§ **Action item**
The answer must be every line of the records below that contains the word "Stockfoto".

§ **Study material**
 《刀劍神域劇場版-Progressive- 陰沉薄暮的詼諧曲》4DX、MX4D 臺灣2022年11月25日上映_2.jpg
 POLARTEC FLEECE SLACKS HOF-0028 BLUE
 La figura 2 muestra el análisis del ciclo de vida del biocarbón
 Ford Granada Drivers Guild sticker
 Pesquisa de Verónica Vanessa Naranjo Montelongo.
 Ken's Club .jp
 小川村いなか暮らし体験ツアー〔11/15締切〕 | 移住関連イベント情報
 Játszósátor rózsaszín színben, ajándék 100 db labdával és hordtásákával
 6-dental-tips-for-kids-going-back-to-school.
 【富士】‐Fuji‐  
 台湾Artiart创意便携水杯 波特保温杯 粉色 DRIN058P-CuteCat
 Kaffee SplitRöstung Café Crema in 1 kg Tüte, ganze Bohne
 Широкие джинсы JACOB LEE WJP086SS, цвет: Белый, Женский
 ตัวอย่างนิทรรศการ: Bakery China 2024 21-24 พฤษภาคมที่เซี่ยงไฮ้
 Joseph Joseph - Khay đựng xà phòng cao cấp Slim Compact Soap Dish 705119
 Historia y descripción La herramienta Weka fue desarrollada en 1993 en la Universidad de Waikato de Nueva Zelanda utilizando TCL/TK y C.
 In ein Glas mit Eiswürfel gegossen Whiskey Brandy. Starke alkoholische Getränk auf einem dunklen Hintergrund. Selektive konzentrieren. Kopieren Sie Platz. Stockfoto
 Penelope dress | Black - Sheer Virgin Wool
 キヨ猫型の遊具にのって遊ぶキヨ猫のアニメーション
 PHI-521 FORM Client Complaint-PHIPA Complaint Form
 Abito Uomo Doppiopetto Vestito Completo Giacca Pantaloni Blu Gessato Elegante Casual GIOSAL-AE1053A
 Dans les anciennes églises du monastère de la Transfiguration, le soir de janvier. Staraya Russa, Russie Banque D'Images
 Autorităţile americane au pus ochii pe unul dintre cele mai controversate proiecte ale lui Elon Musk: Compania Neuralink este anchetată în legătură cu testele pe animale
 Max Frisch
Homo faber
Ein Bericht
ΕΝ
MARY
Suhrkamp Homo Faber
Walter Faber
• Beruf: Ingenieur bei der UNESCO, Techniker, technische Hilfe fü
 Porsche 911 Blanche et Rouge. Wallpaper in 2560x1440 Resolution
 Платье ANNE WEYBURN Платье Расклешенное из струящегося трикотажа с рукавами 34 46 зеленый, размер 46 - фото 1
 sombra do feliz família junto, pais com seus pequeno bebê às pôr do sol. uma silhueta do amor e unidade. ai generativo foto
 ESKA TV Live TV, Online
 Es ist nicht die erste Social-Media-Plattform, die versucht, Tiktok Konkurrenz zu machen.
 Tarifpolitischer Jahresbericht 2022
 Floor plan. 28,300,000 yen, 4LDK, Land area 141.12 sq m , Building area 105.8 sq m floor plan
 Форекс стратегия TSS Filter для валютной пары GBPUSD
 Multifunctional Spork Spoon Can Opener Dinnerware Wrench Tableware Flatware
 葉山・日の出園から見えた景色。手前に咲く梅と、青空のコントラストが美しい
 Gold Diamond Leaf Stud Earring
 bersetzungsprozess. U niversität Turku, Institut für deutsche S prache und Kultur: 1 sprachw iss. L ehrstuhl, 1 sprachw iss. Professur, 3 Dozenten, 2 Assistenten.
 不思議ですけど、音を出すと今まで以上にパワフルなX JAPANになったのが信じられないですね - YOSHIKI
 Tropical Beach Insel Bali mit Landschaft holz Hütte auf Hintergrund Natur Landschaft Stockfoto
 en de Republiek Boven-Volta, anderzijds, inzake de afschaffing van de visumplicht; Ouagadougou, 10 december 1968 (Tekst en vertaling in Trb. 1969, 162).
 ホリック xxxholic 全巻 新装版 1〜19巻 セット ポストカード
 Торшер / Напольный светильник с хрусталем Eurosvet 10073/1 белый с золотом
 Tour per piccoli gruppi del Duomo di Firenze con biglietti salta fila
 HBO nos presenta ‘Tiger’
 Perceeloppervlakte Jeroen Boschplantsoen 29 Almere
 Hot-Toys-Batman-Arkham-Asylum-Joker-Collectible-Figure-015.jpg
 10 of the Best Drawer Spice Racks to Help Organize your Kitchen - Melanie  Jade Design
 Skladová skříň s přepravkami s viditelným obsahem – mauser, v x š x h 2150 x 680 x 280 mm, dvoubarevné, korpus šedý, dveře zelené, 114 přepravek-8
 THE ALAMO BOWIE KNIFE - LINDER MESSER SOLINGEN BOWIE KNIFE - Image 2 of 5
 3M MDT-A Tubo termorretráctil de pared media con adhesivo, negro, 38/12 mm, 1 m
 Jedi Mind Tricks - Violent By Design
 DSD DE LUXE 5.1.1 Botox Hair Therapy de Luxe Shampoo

§ **Solution for this exercise**
 In ein Glas mit Eiswürfel gegossen Whiskey Brandy. Starke alkoholische Getränk auf einem dunklen Hintergrund. Selektive konzentrieren. Kopieren Sie Platz. Stockfoto
 Tropical Beach Insel Bali mit Landschaft holz Hütte auf Hintergrund Natur Landschaft Stockfoto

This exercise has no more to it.